(Dataset items)
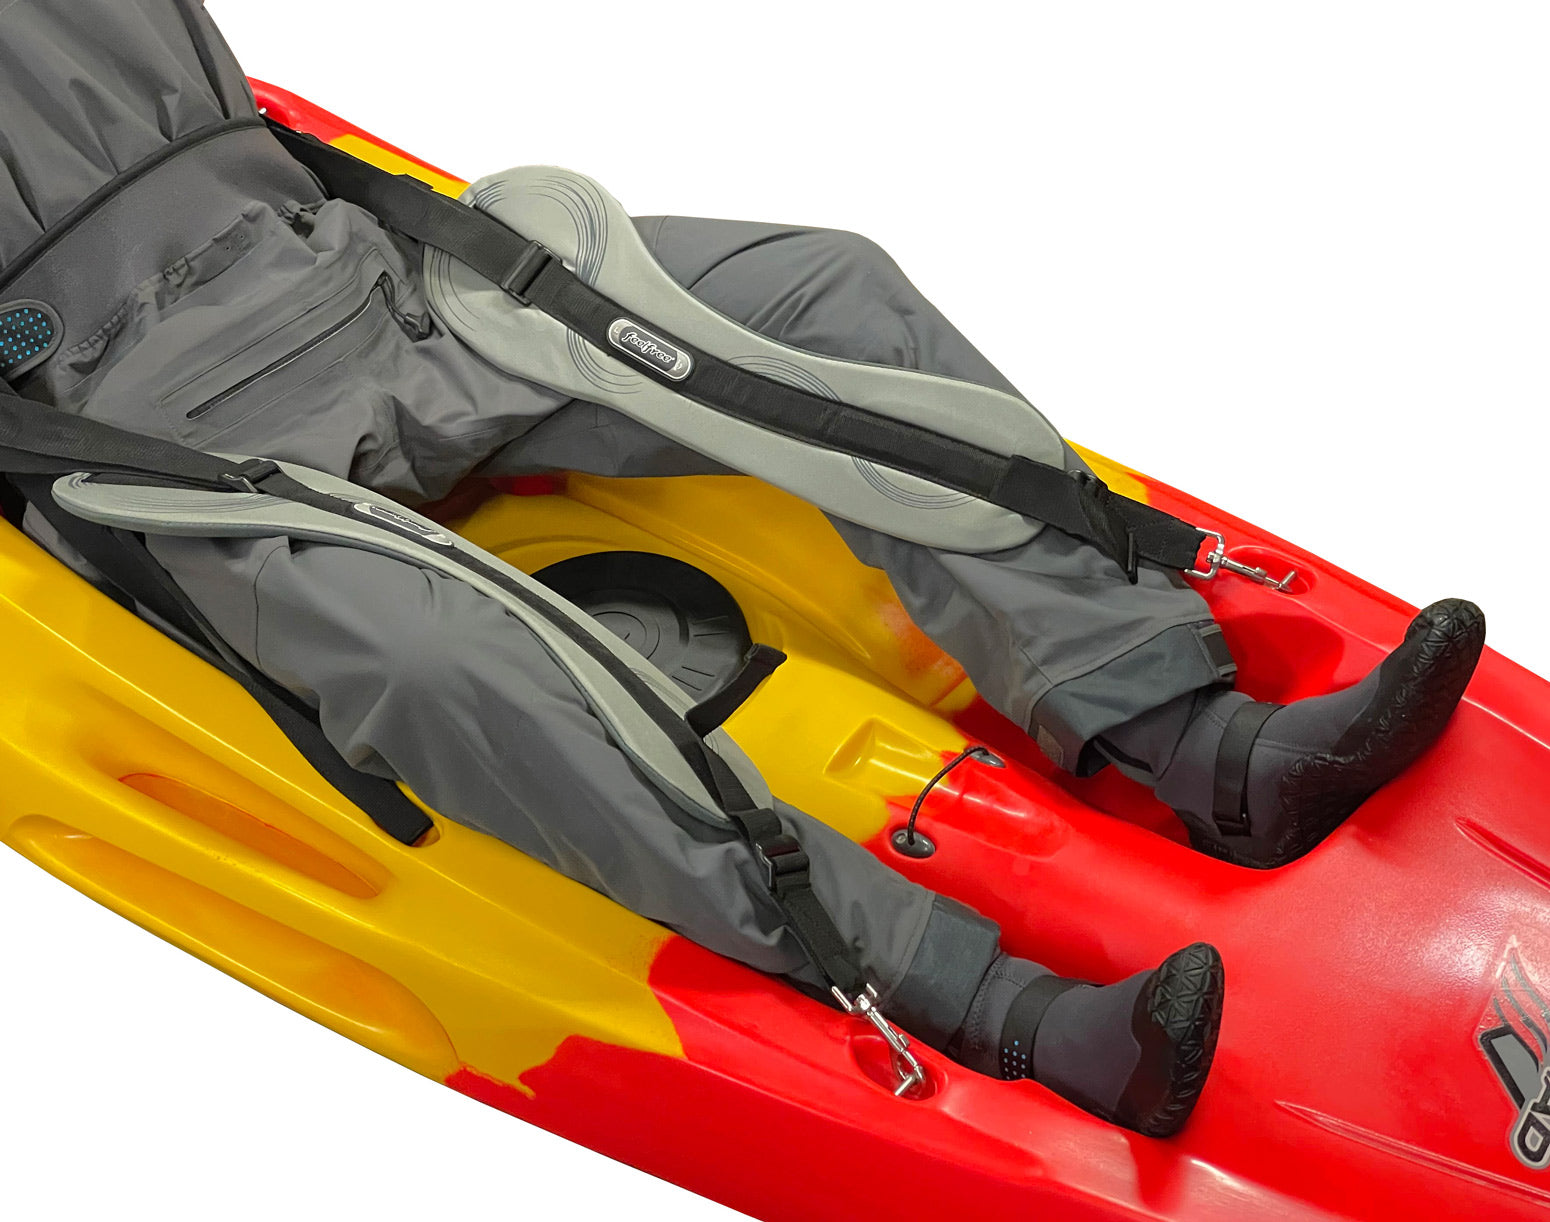 Feelfree Padded Thigh Straps shown in place over a paddler's legs
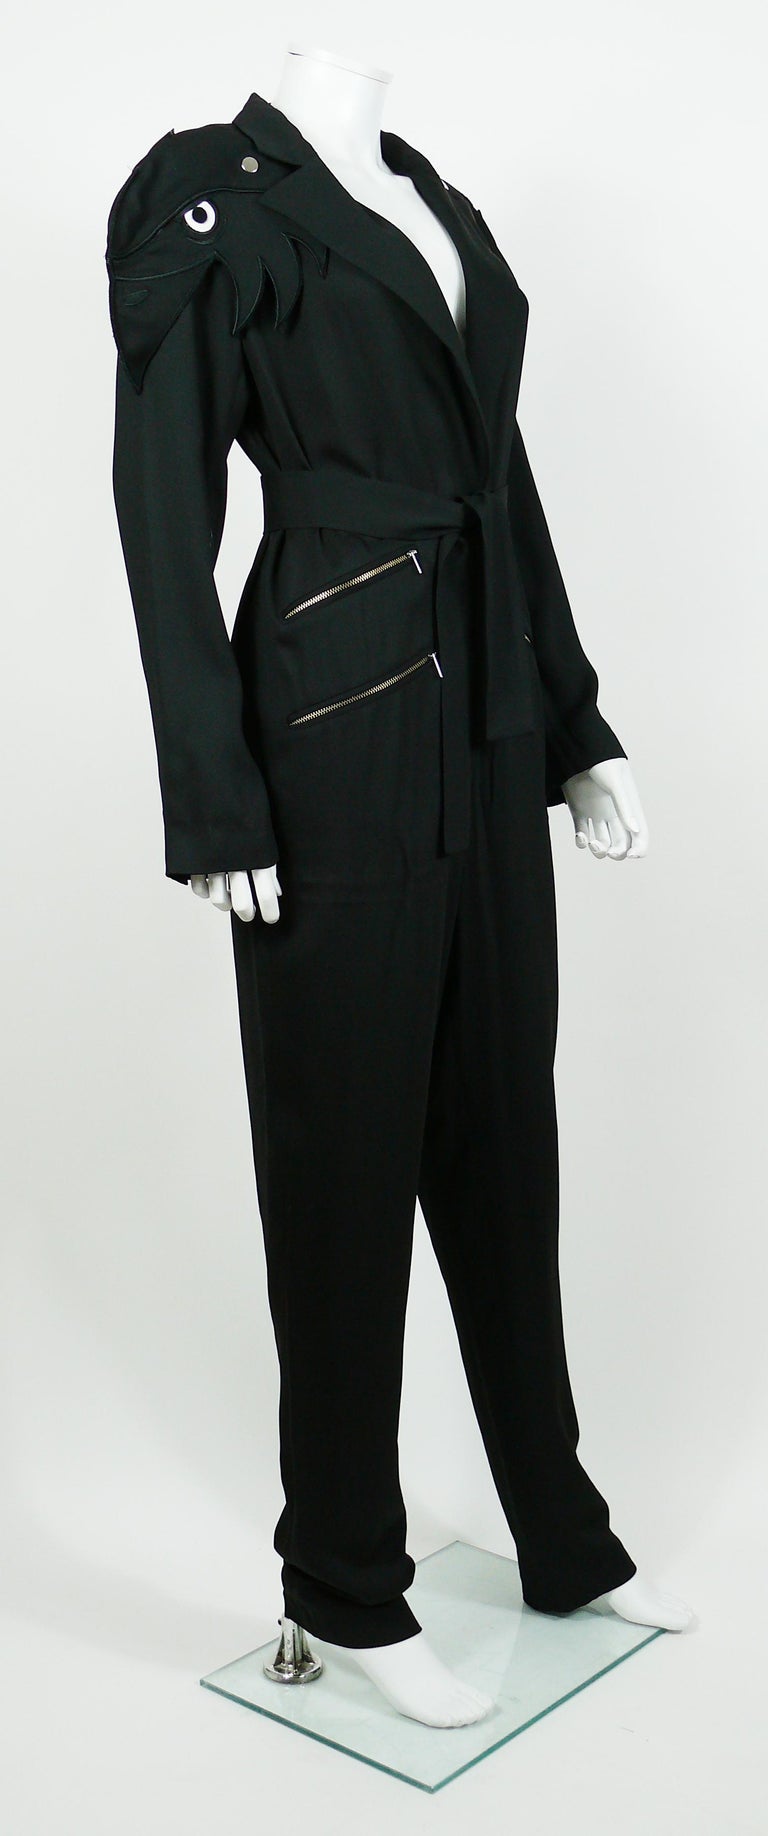 JEAN CHARLES DE CASTELBAJAC bird caps sleeves black jumpsuit.

Fall/Winter 2012 Collection.

This jumsuit features :
- Plunge neckline.
- Removable novelty bird sleeve caps - could be worn with or without (see photo 9).
- Three zippered pockets.
-
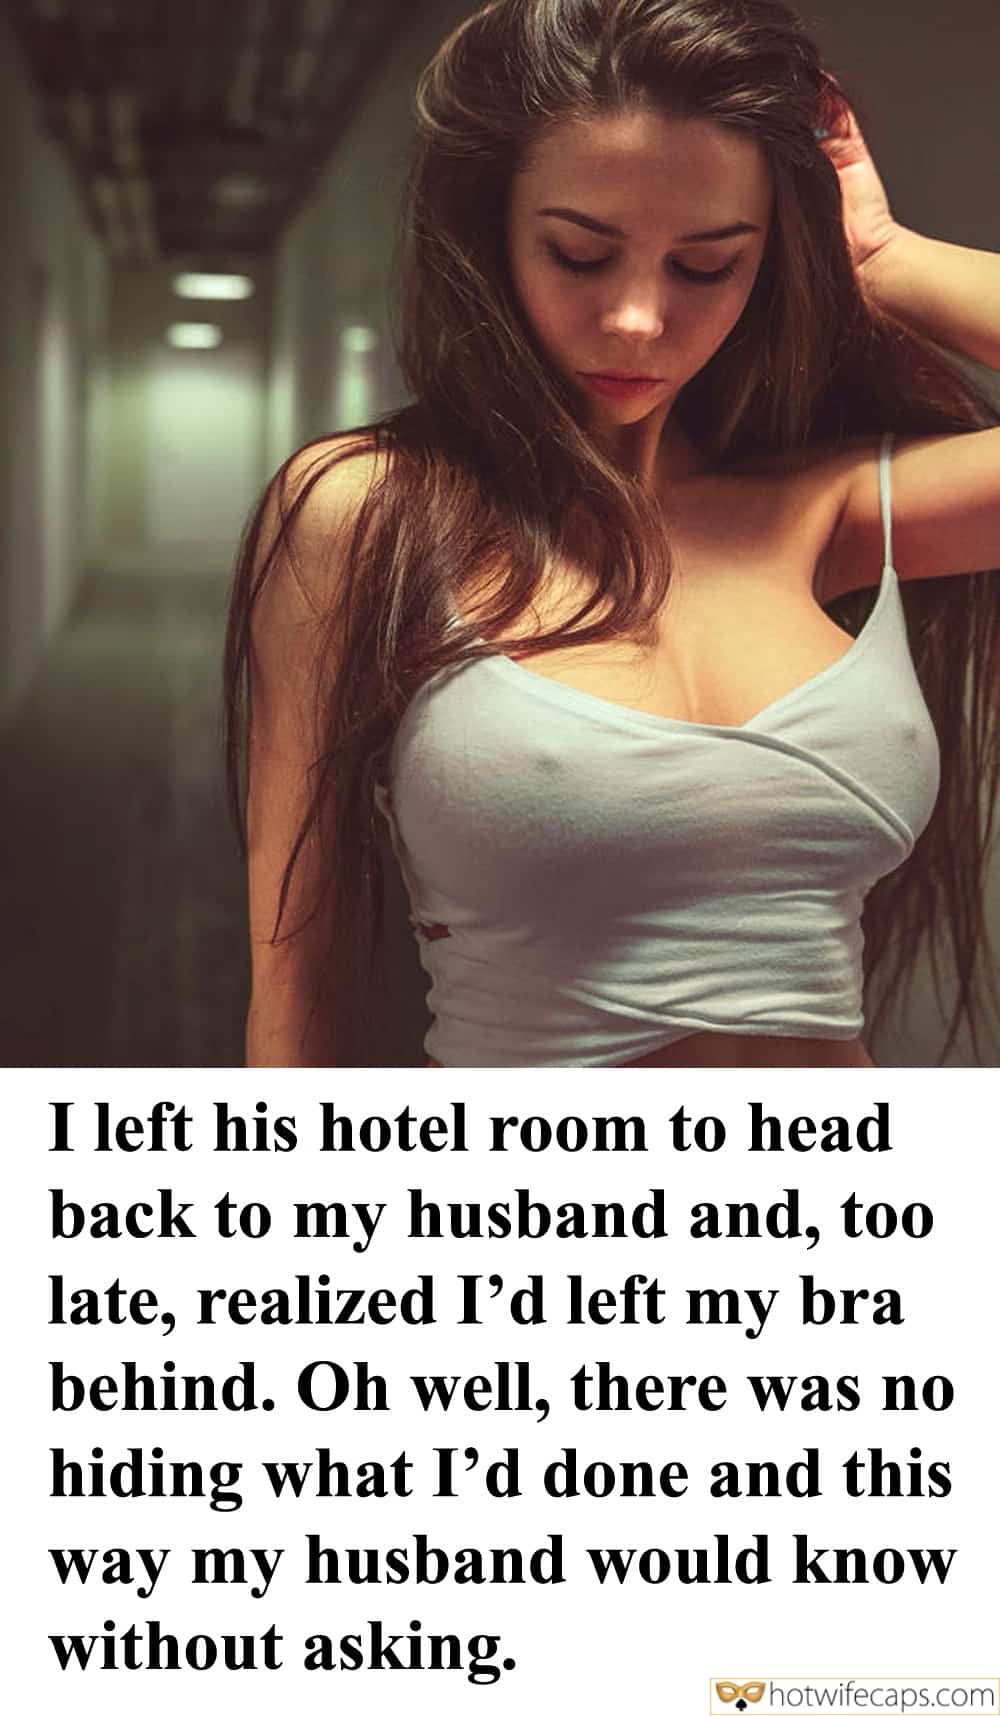 Sexy Memes Cuckold Cleanup Cheating Bull Boss hotwife caption: I left his hotel room to head back to my husband and, too late, realized I’d left my bra behind. Oh well, there was no hiding what I’d done and this way my husband would know without asking. The Wife...
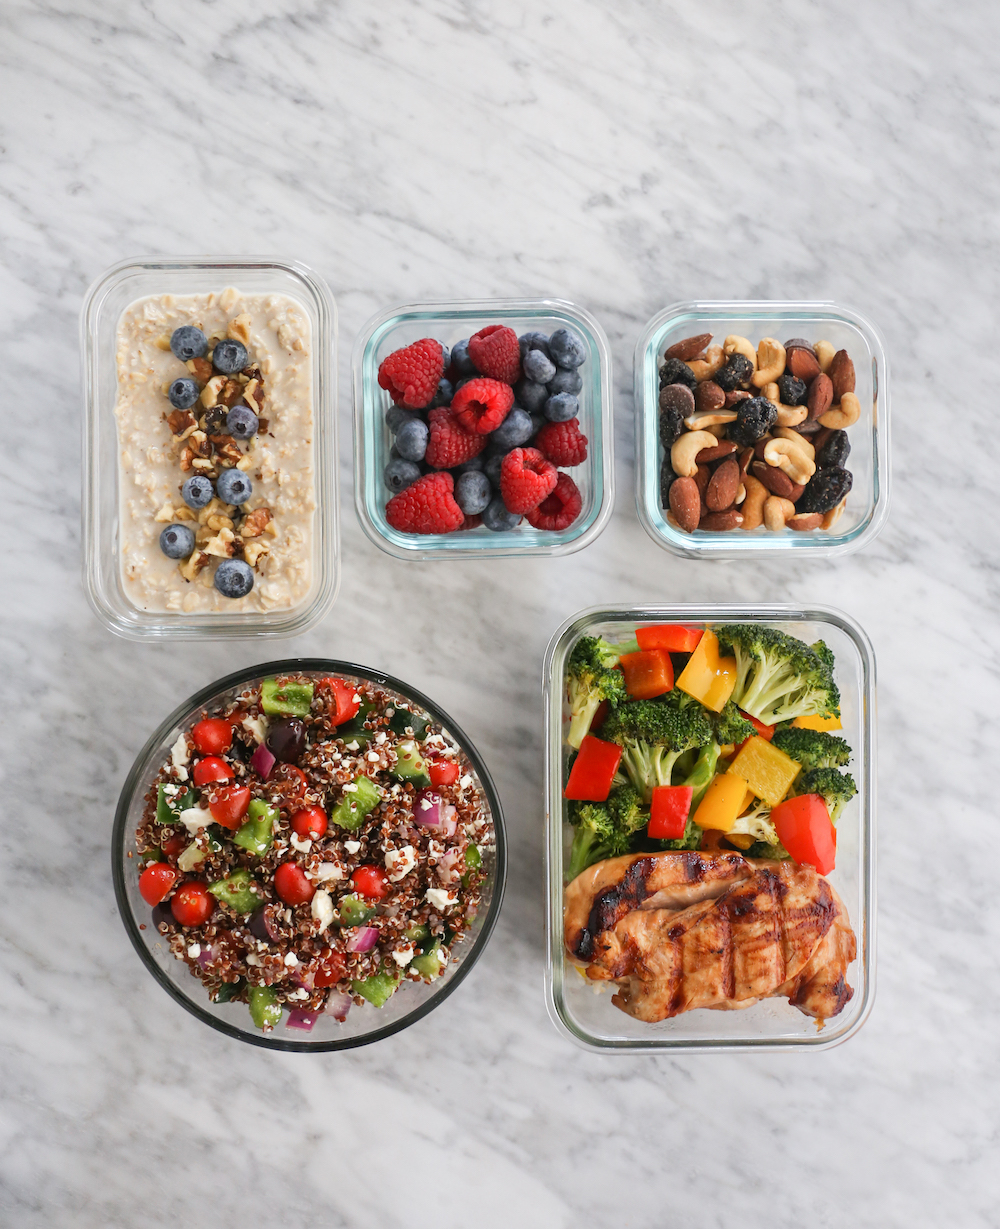 How Meal Prep Can Lead To A More Balanced & Healthy Lifestyle
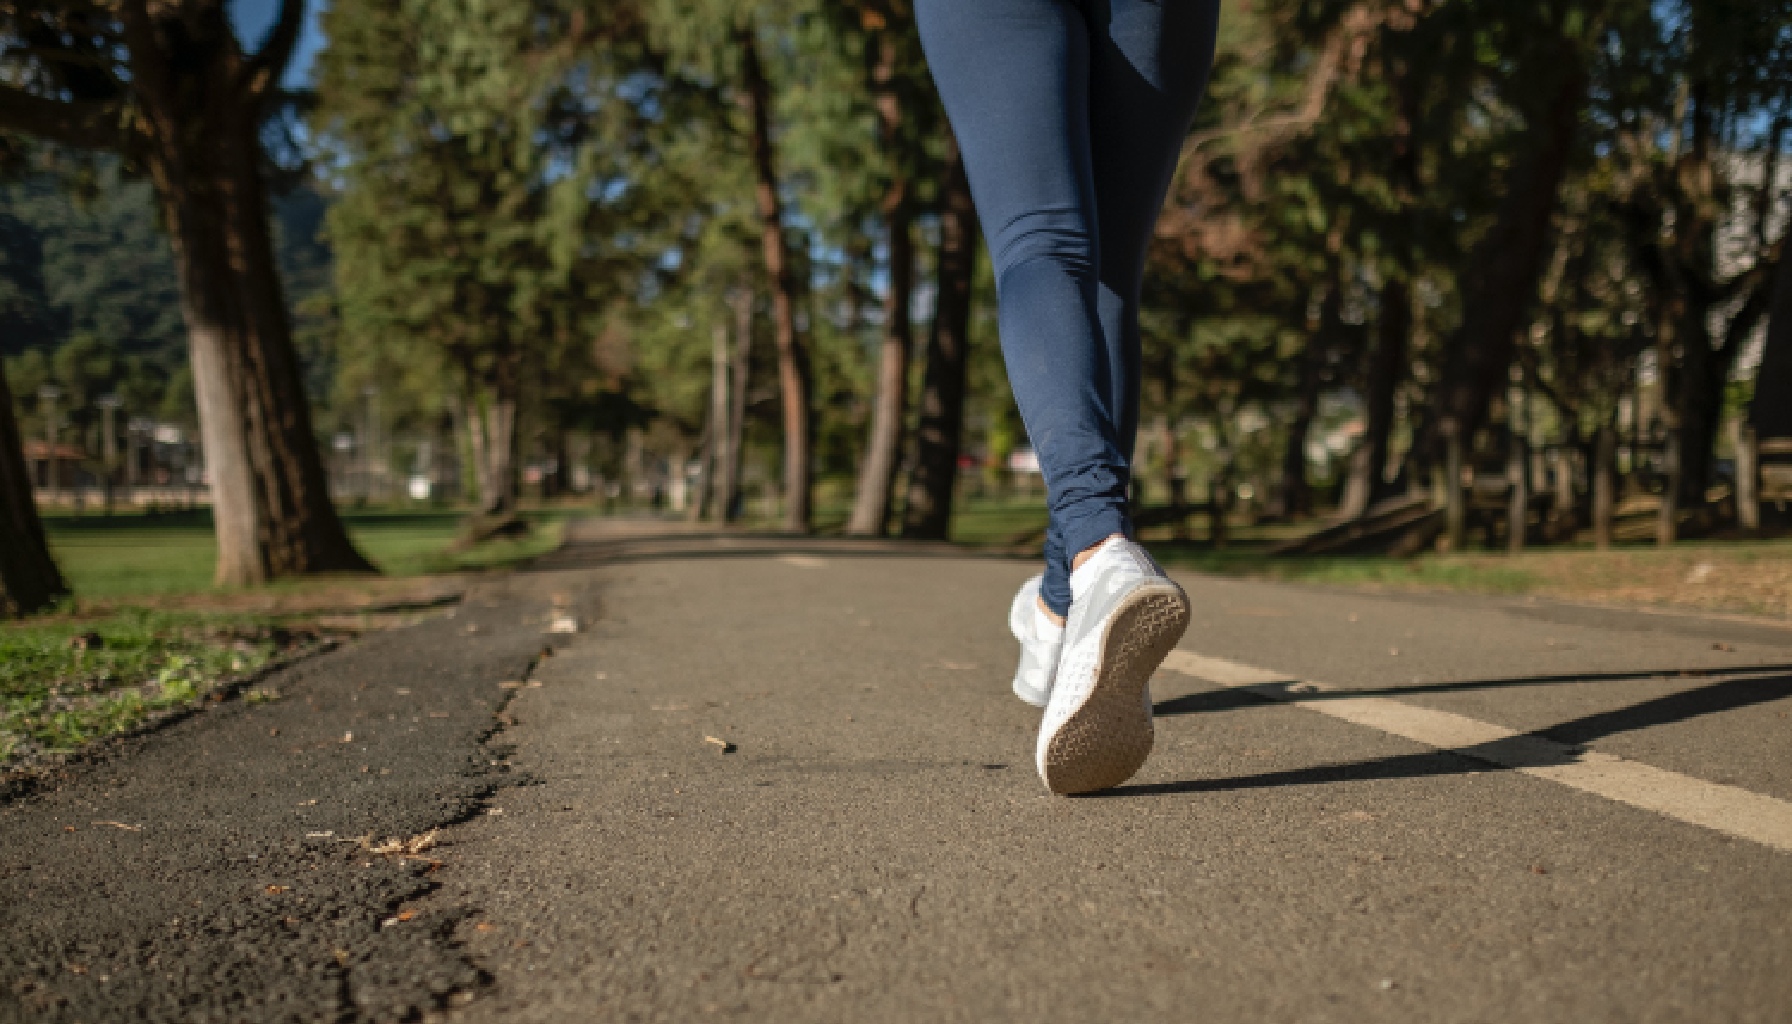 14 Benefits Of Walking 3 Miles A Day: Expert Insights & Results
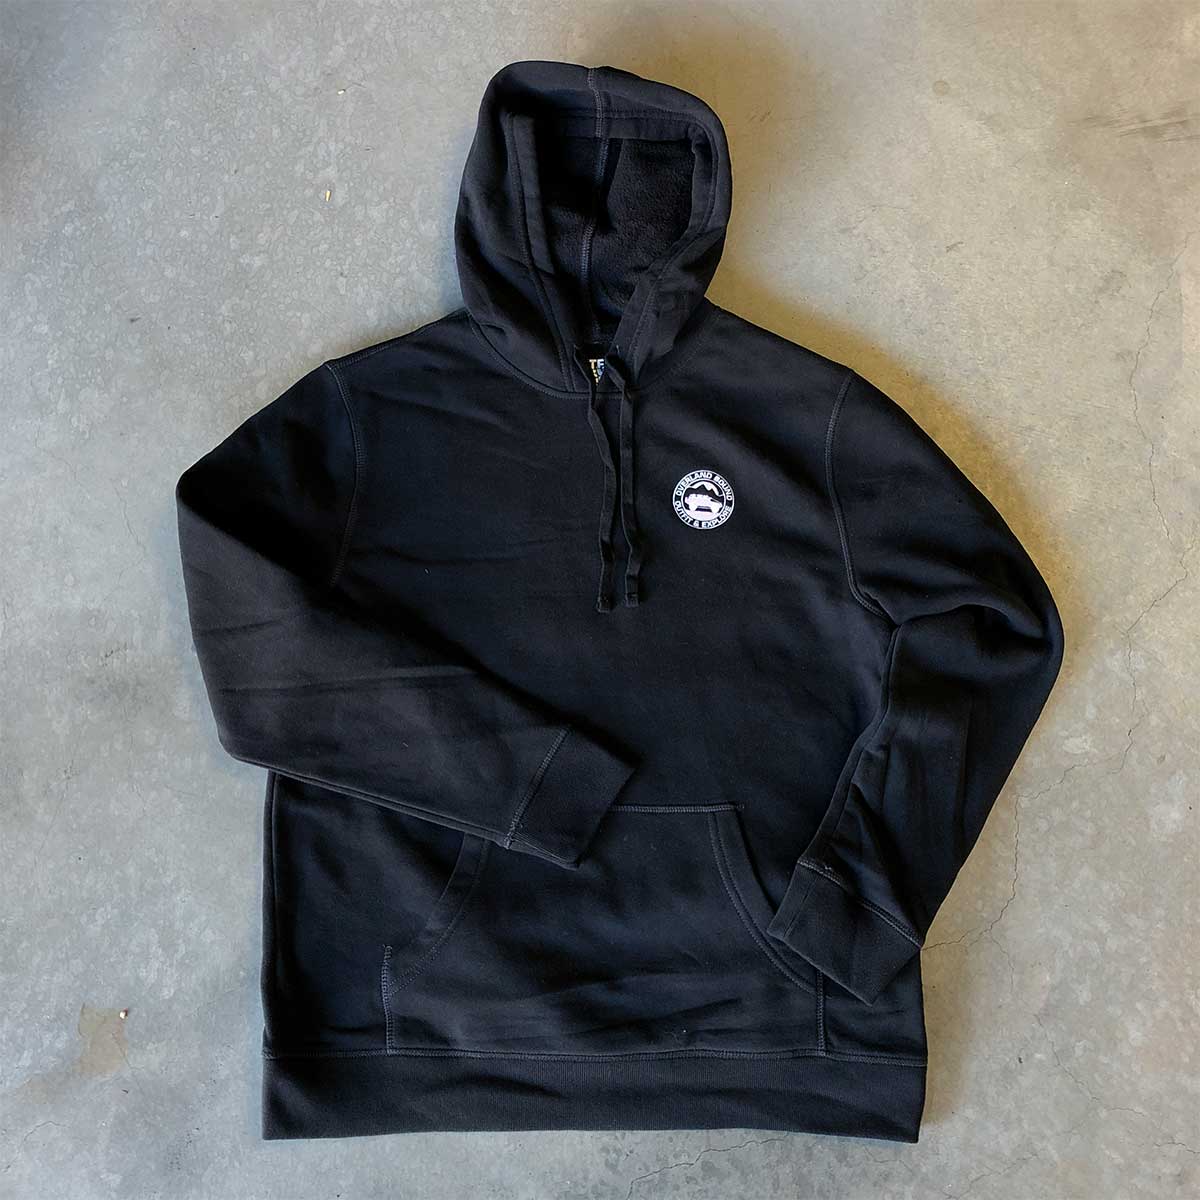 Outfit & Explore Pullover Black Hoodie - Overland Bound

**What is being asked:** Please write out, exactly, every line from the line with "- Removable novelty" through the final line of the data above, leaving out pictures.

**Answer box:**
- Removable novelty bird sleeve caps - could be worn with or without (see photo 9).
- Three zippered pockets.
-
 Sexy Memes Cuckold Cleanup Cheating Bull Boss hotwife caption: I left his hotel room to head back to my husband and, too late, realized I’d left my bra behind. Oh well, there was no hiding what I’d done and this way my husband would know without asking. The Wife...
 How Meal Prep Can Lead To A More Balanced & Healthy Lifestyle
 14 Benefits Of Walking 3 Miles A Day: Expert Insights & Results
 Outfit & Explore Pullover Black Hoodie - Overland Bound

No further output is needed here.